Jailbreak: Voice Onrush – Review

  

You can run… 
 

I must confess I do love a good stealth ’em up, and resultantly have spent a great deal of my time as a gamer concealed in cardboard boxes, lurking in shadows and waiting patiently for just the right time to pounce from my hidey-hole and slit an unsuspecting goon’s throat. 

So Jailbreak: Voice Onrush, with its blend of sneaky action and strategic enemy evasion, instantly grabbed my attention. And just wouldn’t let go.

The game begins abruptly. Cast as a female kidnapee, you come to your senses locked inside a tiny room within a crumbling asylum. With no recollection of how you got there, or what your mysterious captors’ intentions are, understandably your first instinct is to snatch the nearest key-card and get the hell out.

Throbbing electronica and eery aural effects help get the heart pumping and set the tone perfectly for this thrilling dash through a complex network of dimly lit corridors. While the top-down perspective and rudimentary pixel graphics recall Solid Snake’s classic outings.

Broken up into a series of fast-paced mazes where bumping into an baddie means you’re toast, levels take obvious inspiration from arcade legend Pac-Man, yet the atmospherics and initial environments- the creepy medical facility, a computer lab filled with blinking terminals and so forth- put an interesting techno-noirish spin on the whole thing.

So while the game (intentionally) looks like a throwback to the 80’s, the gameplay feels fresh and quickly gets pretty damn addictive.
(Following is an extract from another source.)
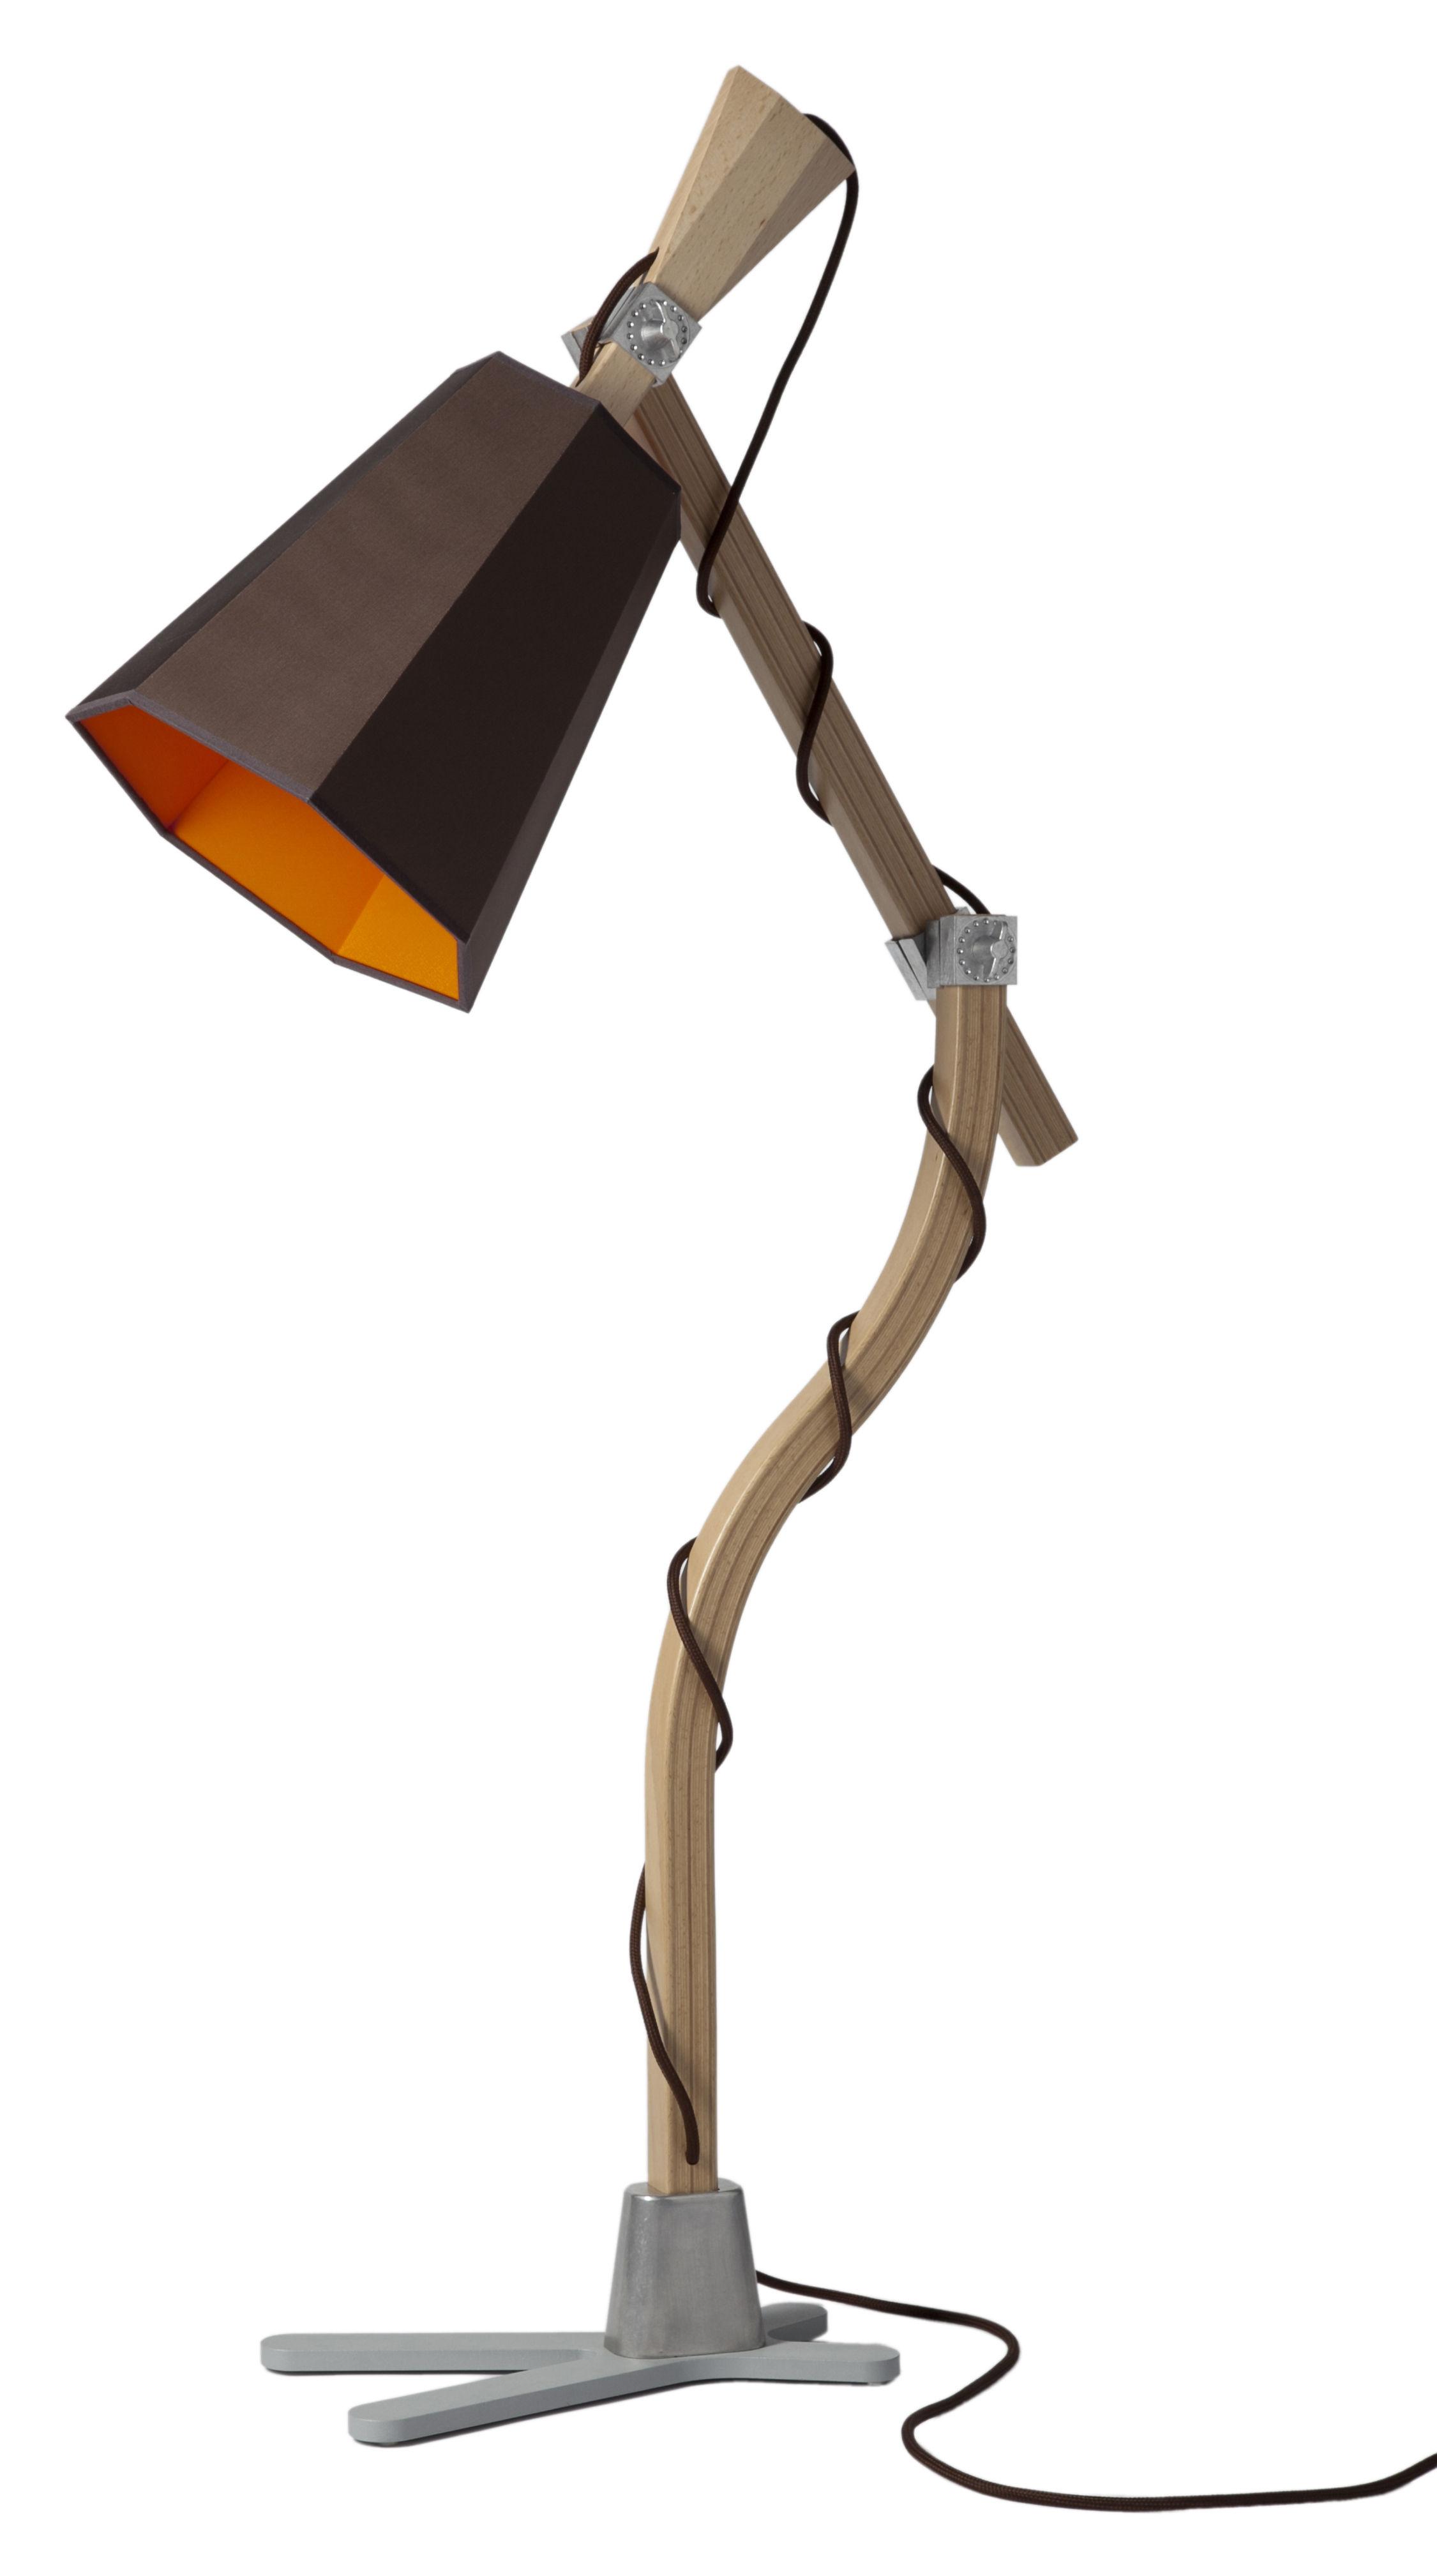 Leuchten - LuXiole Tischleuchte H 88 cm - Designheure - Lampenschirm braun / Innenseite orange - Baumwolle, Buchenfurnier, lackierter Stahl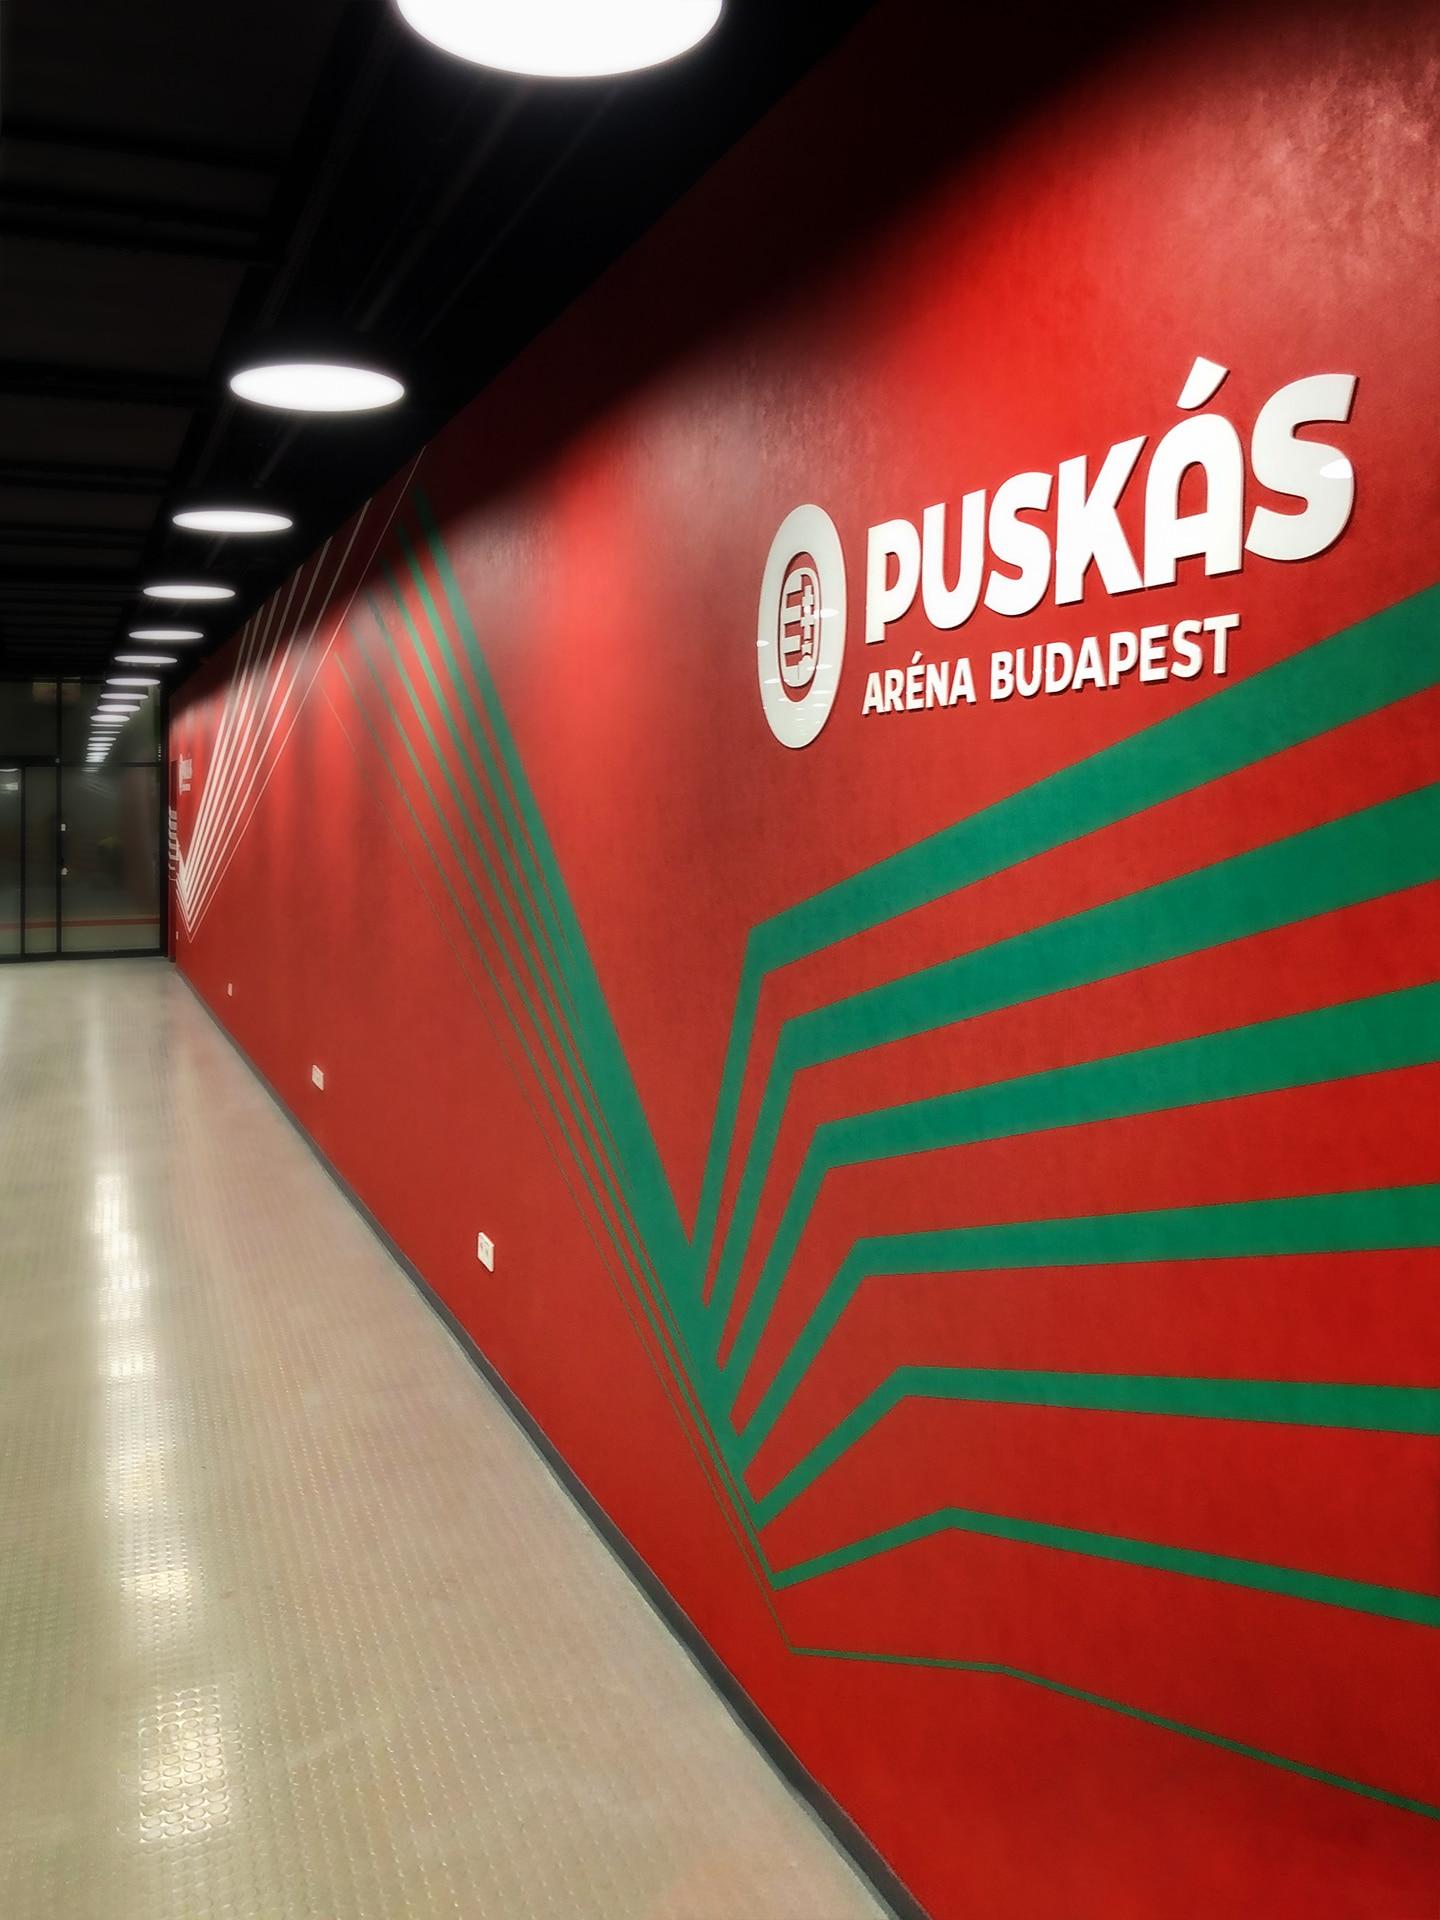 Vörös falfelületen zöld és fehér sávok futnak, fölöttük a Puskás Aréna nagyméretű fehér plexilogójával.

Each stage of Jailbreak tasks you with more the less the same set of objectives- traverse the maze trying to find a hidden object (keys, crow-bars, switches etc), steer clear of enemies and and reach the exit in one piece.

It should get repetitive, but an array of special items that briefly furnish your character with outlandish super-powers (e.g. enhanced senses, extra speed, teleportation), the diversity between play areas/enemy types and break-neck pacing, means it never does.

The main event, the cat-and-mouse chases are incredibly exciting and strike the perfect balance between being frustratingly difficult and just-one-more-go addictive. Honestly I was glued to my device for the duration!

And for the best part I absolutely adored every panic-stricken second of the game, although did have some minor reservations. 

Awkward controls sullied the experience to begin with, but ditching the swipe set-up for the joystick soon solved these teething problems (there’s also an accelerometer option for good measure). And while the main game is disappointingly short, unlockable extra modes go some way to ensuring you won’t feel short-changed.

At only 99 cents this comes highly recommended for those of you seeking a decent stealth game or just some old-school arcade kicks.

iFanzine Verdict: Metal Gear meets Pacman played out against a delightful backdrop of pixel styled labyrinthian settings. A bit short, but still a non stop thrill-fest from beginning to end.